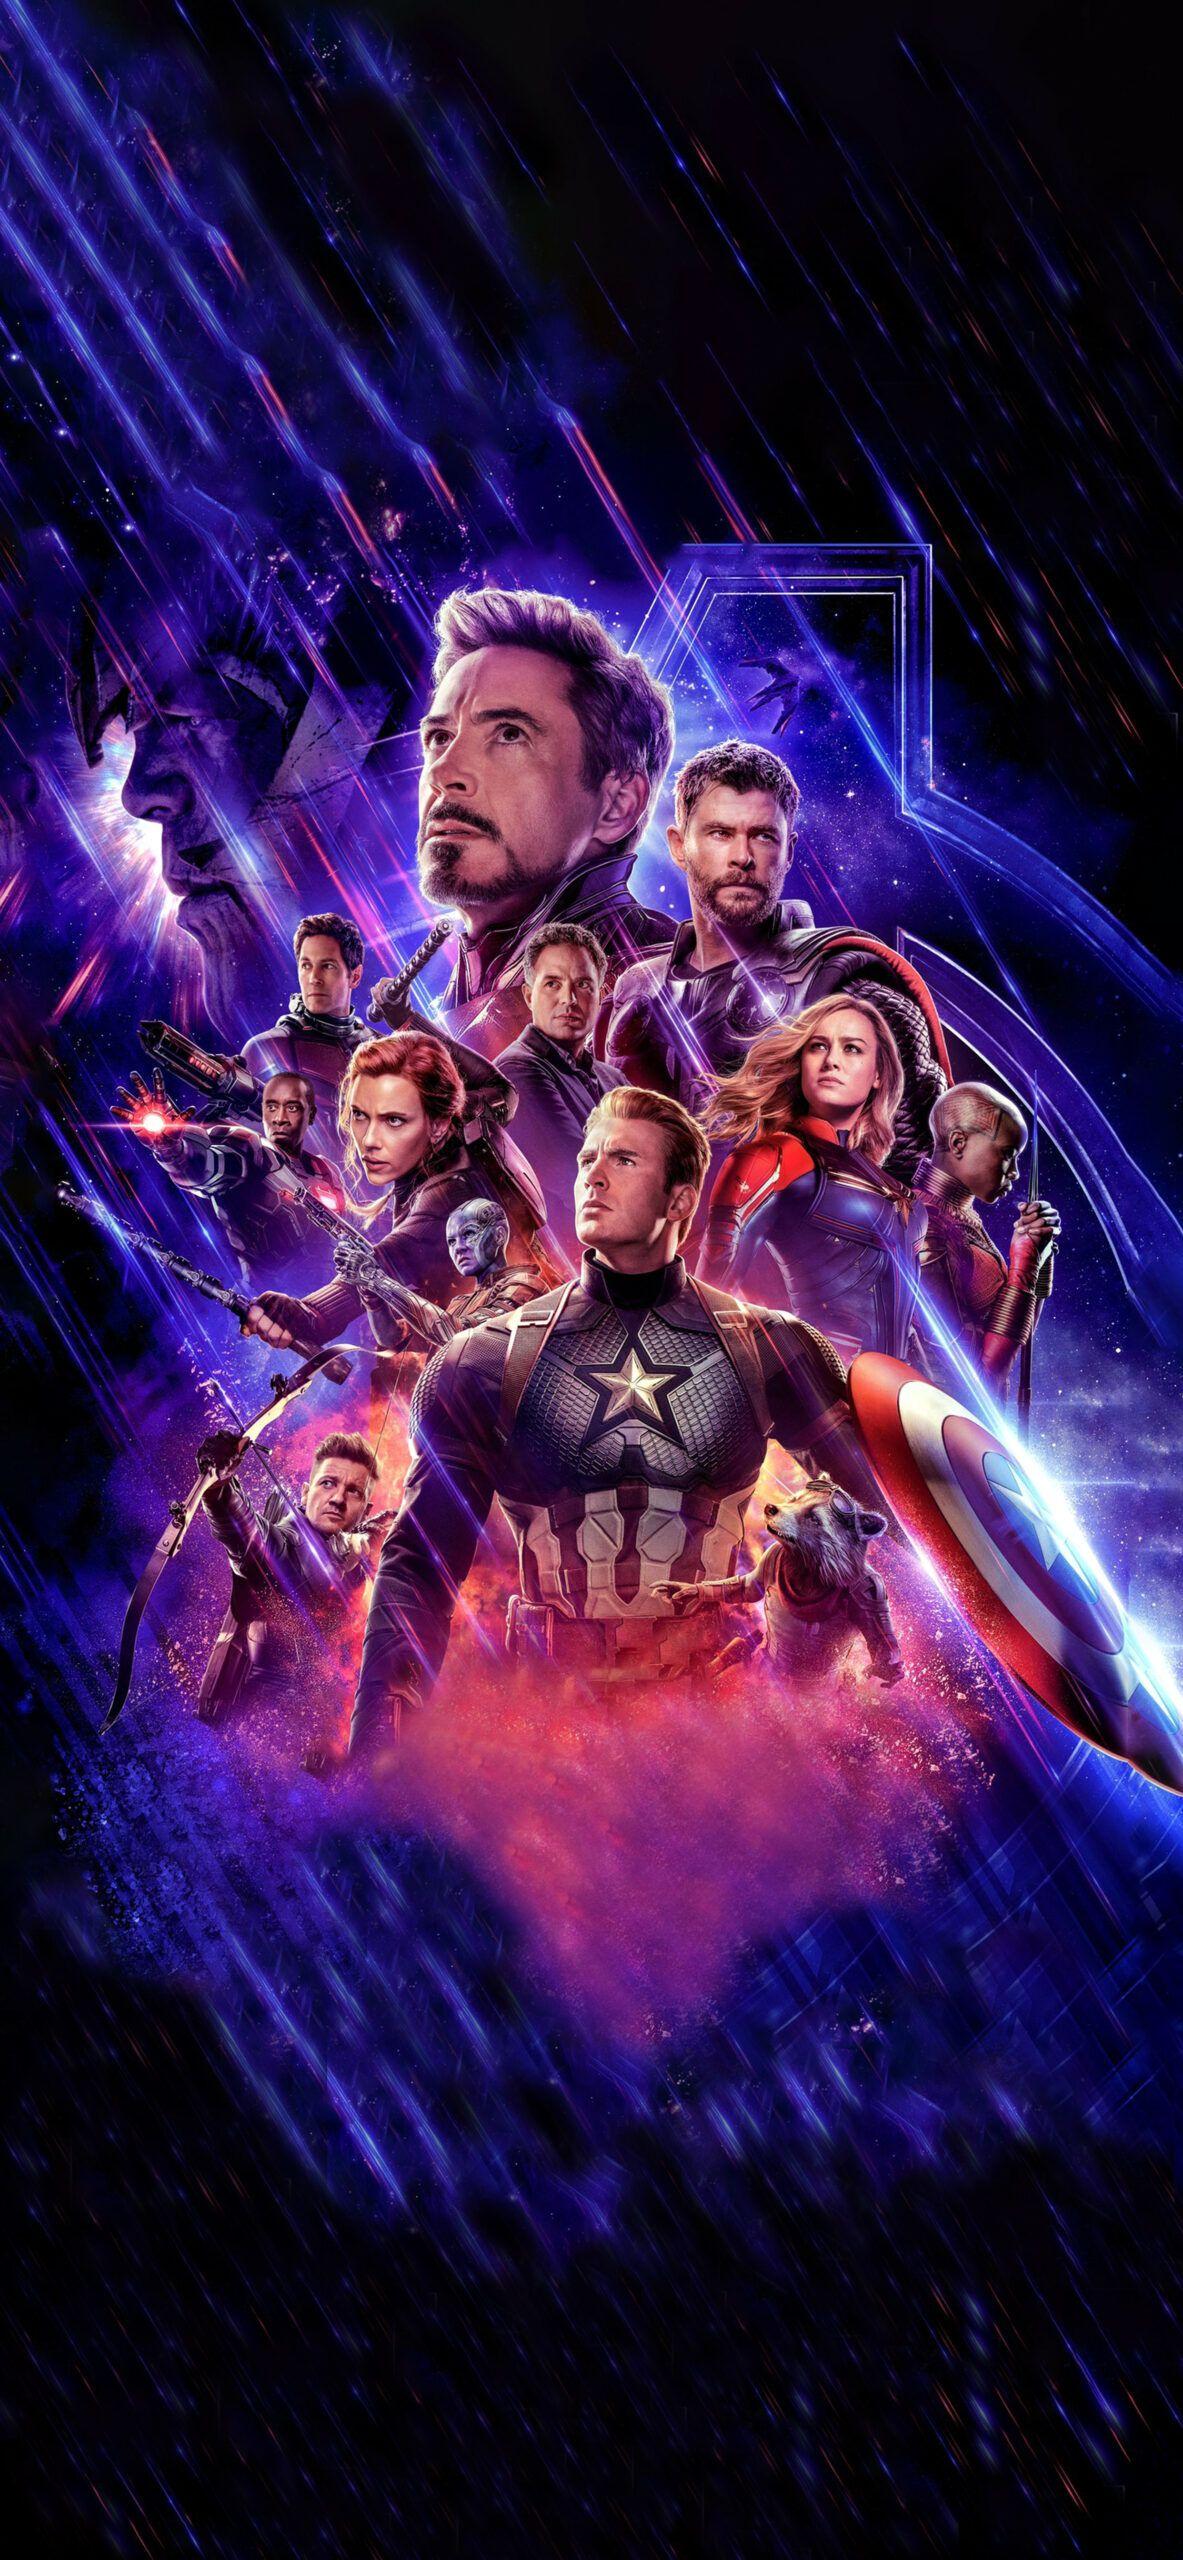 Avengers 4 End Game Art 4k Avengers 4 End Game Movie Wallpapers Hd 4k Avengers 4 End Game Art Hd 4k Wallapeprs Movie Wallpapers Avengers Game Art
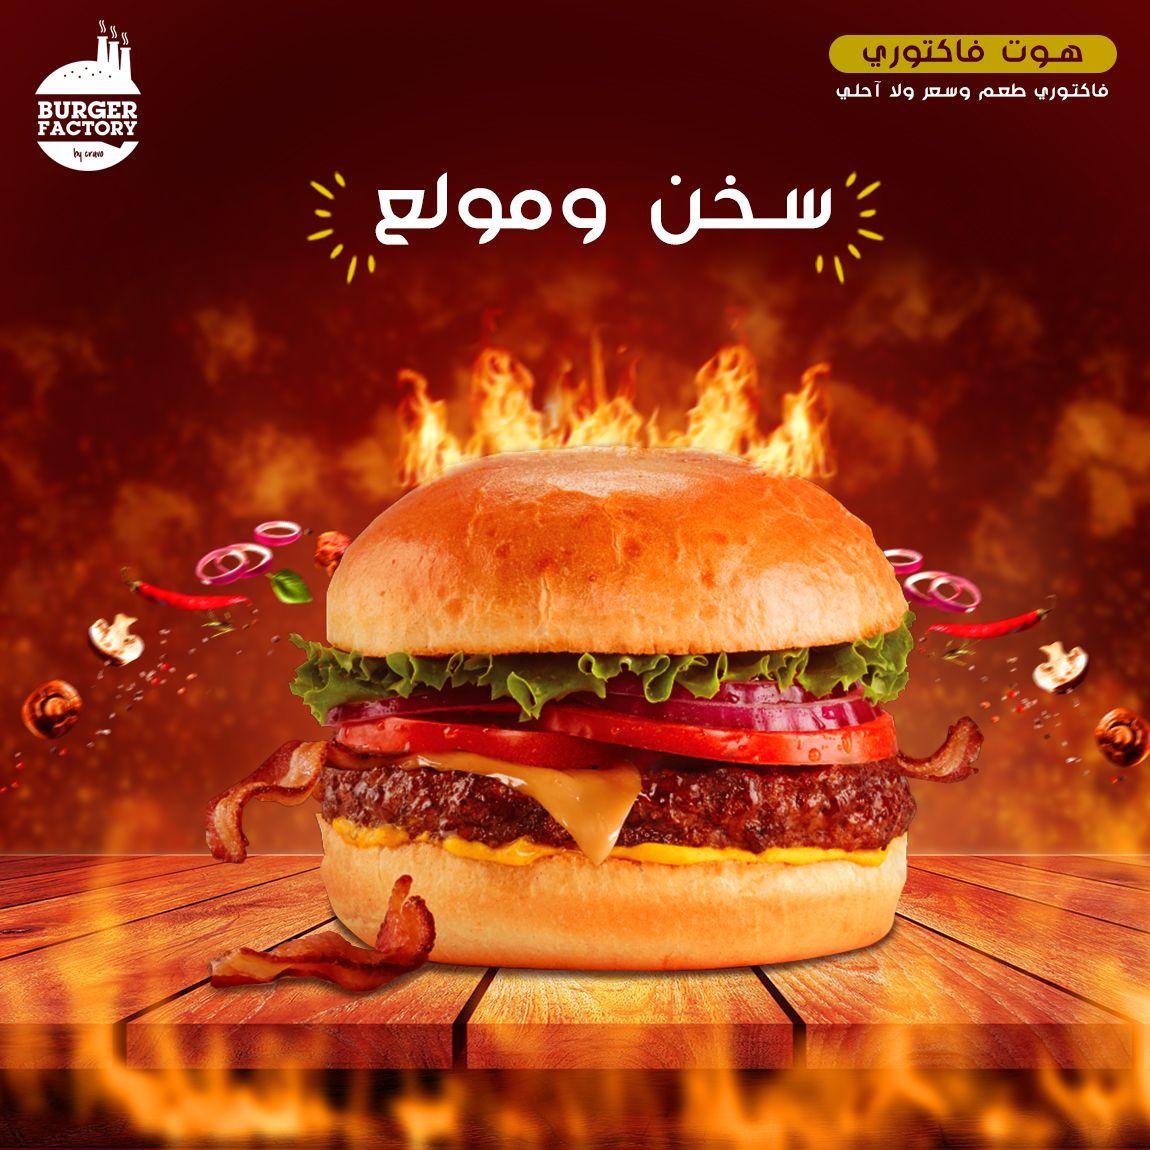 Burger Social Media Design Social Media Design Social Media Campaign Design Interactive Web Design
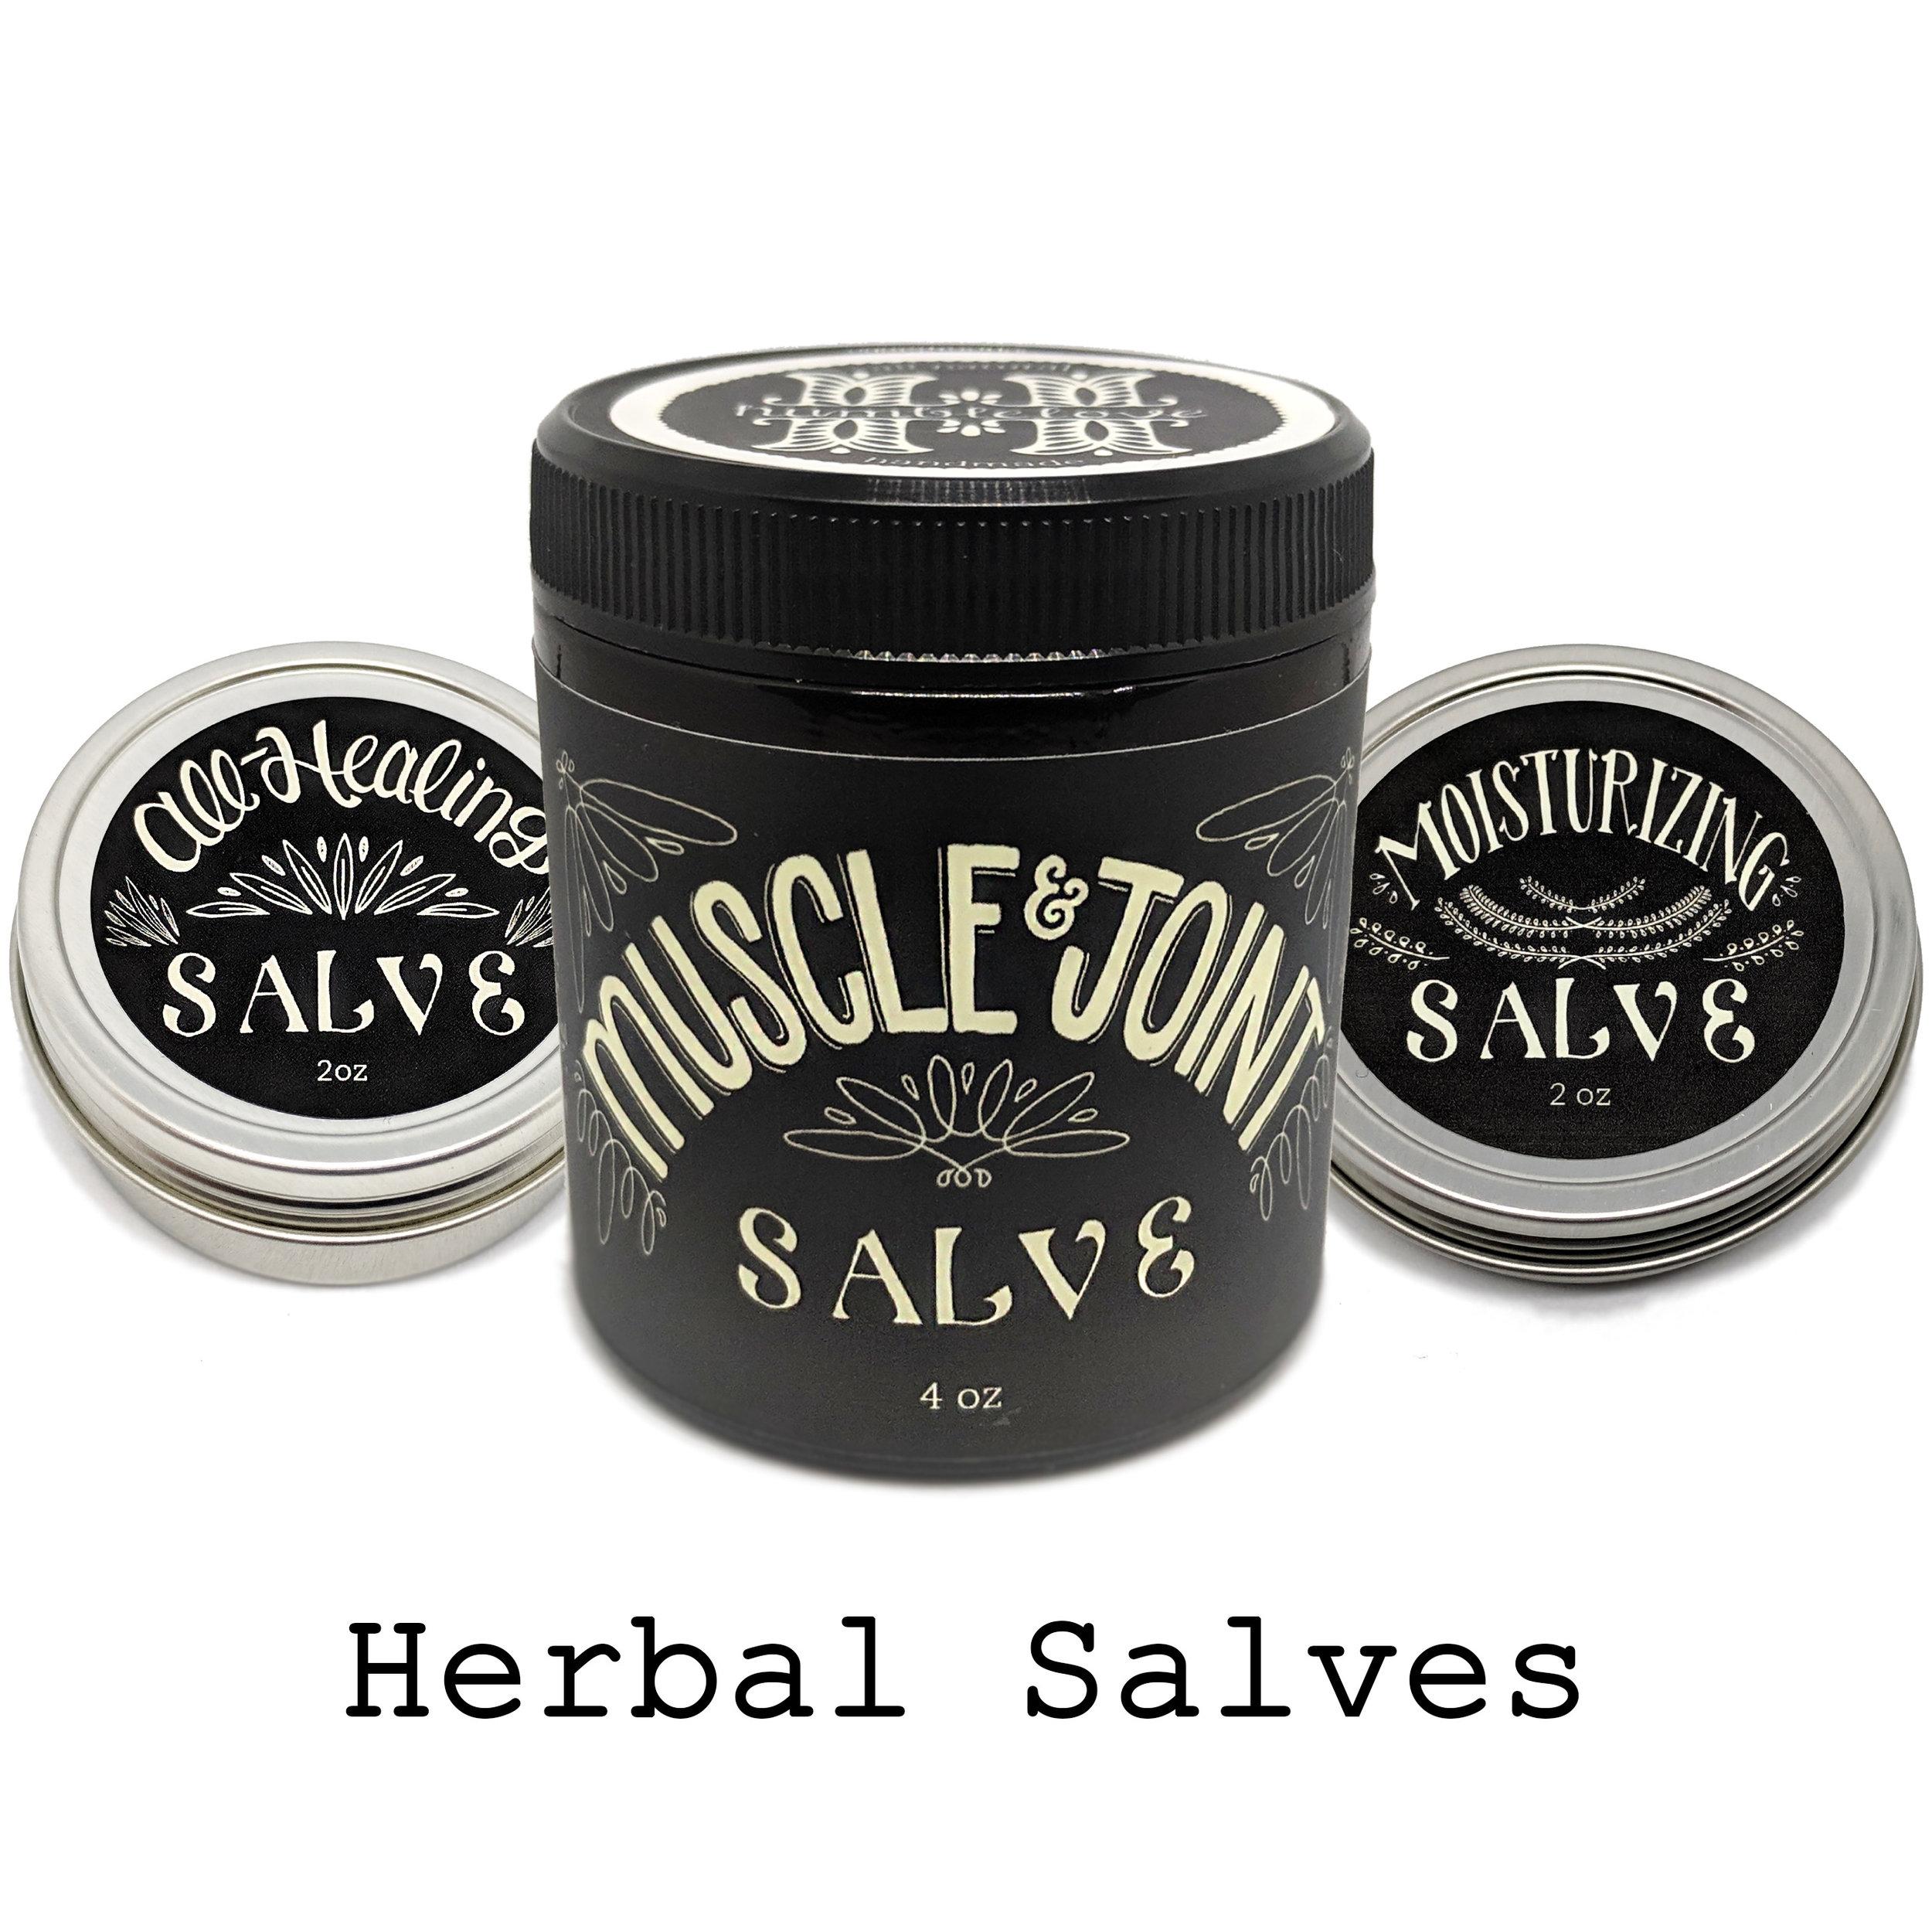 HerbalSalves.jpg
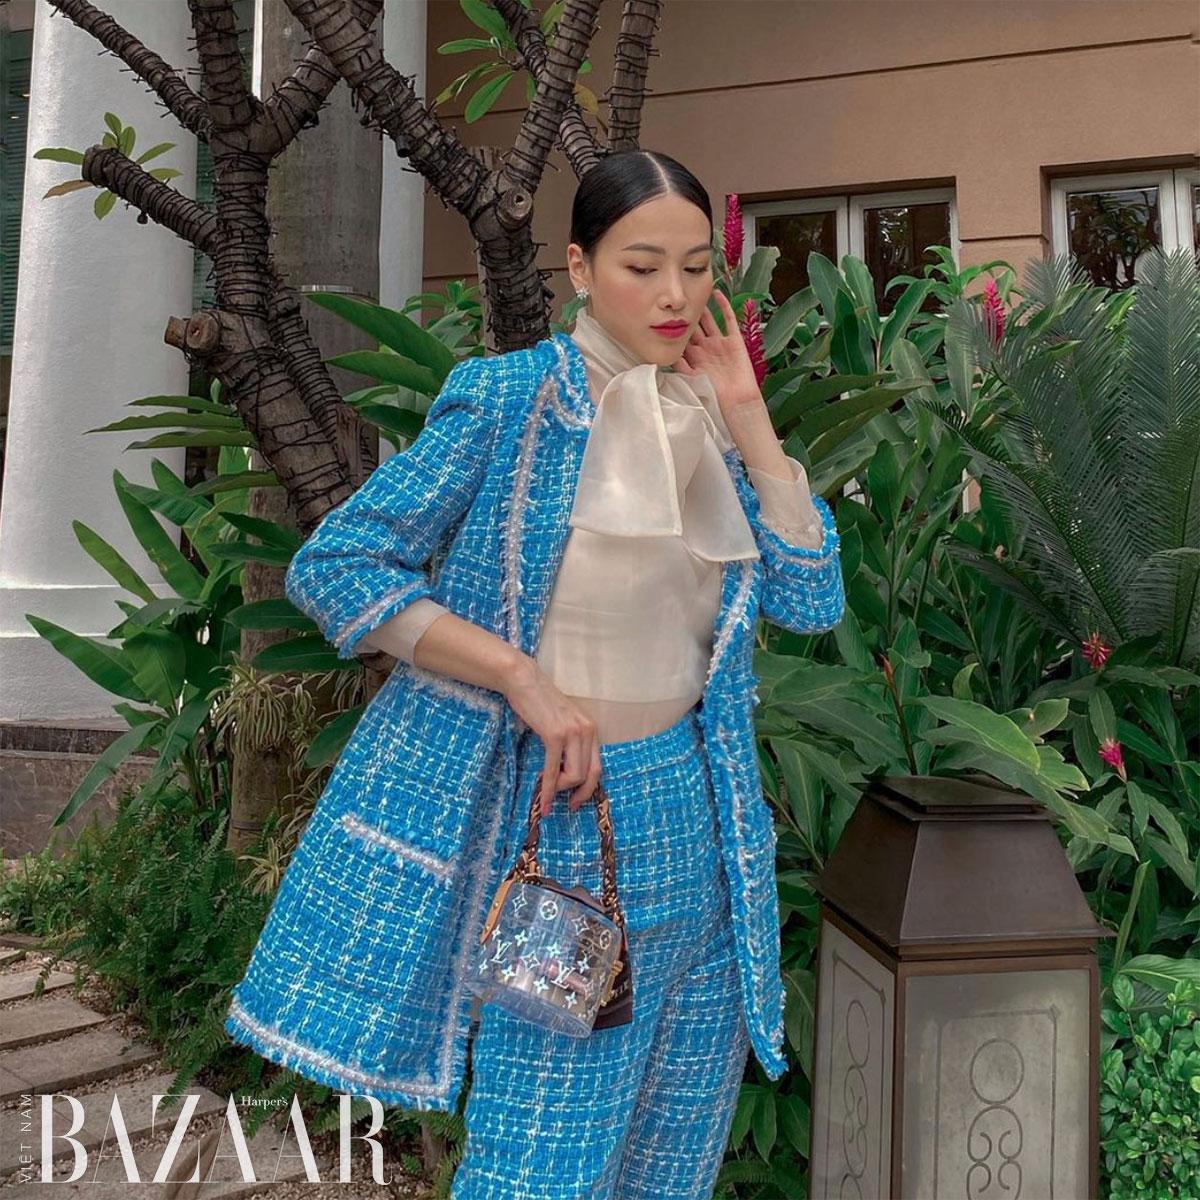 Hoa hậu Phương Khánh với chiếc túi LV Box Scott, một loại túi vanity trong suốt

* * * * *

Problem to solve: Across all the lines above, repeat the wording exactly and omit the pictures.

Solution to the exercise:
 Avengers 4 End Game Art 4k Avengers 4 End Game Movie Wallpapers Hd 4k Avengers 4 End Game Art Hd 4k Wallapeprs Movie Wallpapers Avengers Game Art
 Burger Social Media Design Social Media Design Social Media Campaign Design Interactive Web Design
 HerbalSalves.jpg
 Hoa hậu Phương Khánh với chiếc túi LV Box Scott, một loại túi vanity trong suốt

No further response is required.